At the end of the tutorial, you will find a short online practice test. This will help you to test your knowledge after learning.

You can use the comments section at the end of the article for doubts. Let us now start the tutorial…

Type I: Unit Conversion Time And Distance Problems (They Are The Most Basic Type)

This type is very easy to solve. You will get speed in one unit (e.g kilometer per hour or km/h) and you have to convert into another unit (e.g metres per second or m/s).

To solve such problems, you have to remember 2 formulas.

If speed X is given in (kilometres per hour) km/h, then speed in (metres per second) m/s is X x 5/18
If speed X is given in (metres per second) m/s, then speed in (kilometres per hour) km/h is X x 18/5

Example Question 1: A bus moves at a speed of 81 km/h.
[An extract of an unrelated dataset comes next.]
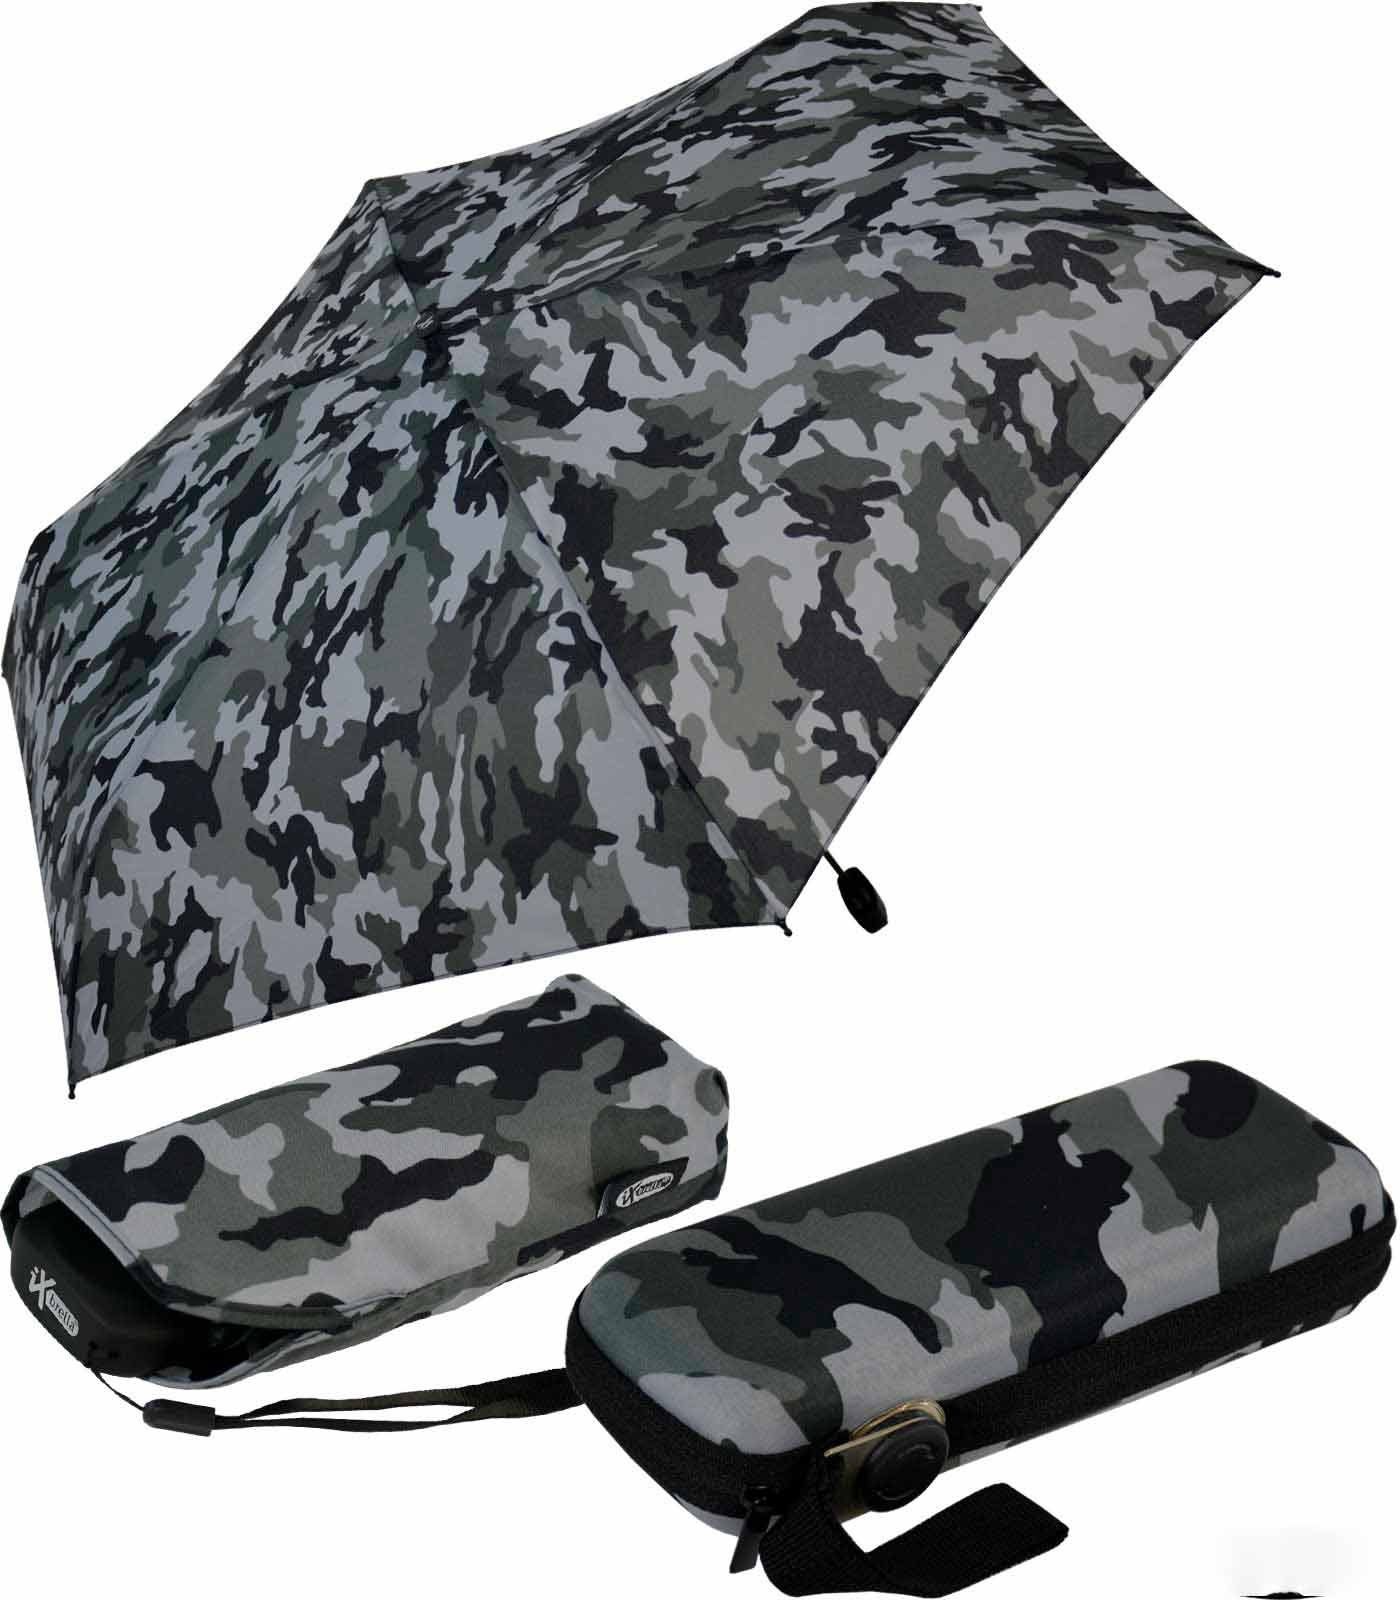 iX-brella Taschenregenschirm Super Mini Schirm mit großem Dach 94cm - Camouflage, super-mini stone

What is the speed of the bus in metres per second?

Solution:
In question, you can see that the speed is given in km/h.
You can write, X = 81 km/h
Therefore, speed in m/s (according to our formula) = X x 5/18
= (81 x 5/18)
= 22.5 m/s

Type II: Average Speed When Travelling To A Place And Returning

In this type of questions, a person will move from one place to another at certain speed. Then he will return to the starting place at a different speed. You may be asked to find average speed, distance, etc.

To solve such problems, you have to remember the formula given below.

Let a person move from one place to another at speed X and return to the starting place at a different speed Y.
Then, average speed for the whole journey = 2XY/(X+Y)

Example Question 2: Ram walked from his home to the bank at the rate of 20 km/h and returned back at the rate of 5 km/h. If he took 4 hours and 30 minutes for the whole journey, find the distance of the bank from his home.

Solution:
Part 1: Finding Average Speed
From the question, you know the following:
Speed of Ram from home to bank = X = 20 km/h
Speed of Ram from bank to home = Y = 5 km/h
Also, you know that the average speed for the whole journey = 2XY/X+Y
= (2 x 20 x 5) / (20+5)
= 200 / 25 = 8 kmph.

Part 2: Finding Distance
From the question, you know that the time taken for the whole journey = 4 hrs and 30 min
4 hrs and 30 min can be written as 4 ½ hours or 9/2 hours
In part 1 of the solution, you have found that the average speed = 8 kmph
You know the familiar formula that Speed = Distance / Time
Therefore, total distance travelled by Ram = Average Speed X Time Taken
= 8 x 9/2 = 36 Km

Note: But, this distance is the total distance travelled by Ram from his home to bank plus distance he travelled from bank to home. Therefore, to calculate the distance from home to bank, you have to divide the above value by 2.
Therefore, distance from home to bank = 36/2 = 18 Km

Type III: Problems Based On Changing Time And Changing Speed

This type is based on a simple fact that if a person increases his speed he will reach his destination faster and if he decreases his speed he will reach his destination slower.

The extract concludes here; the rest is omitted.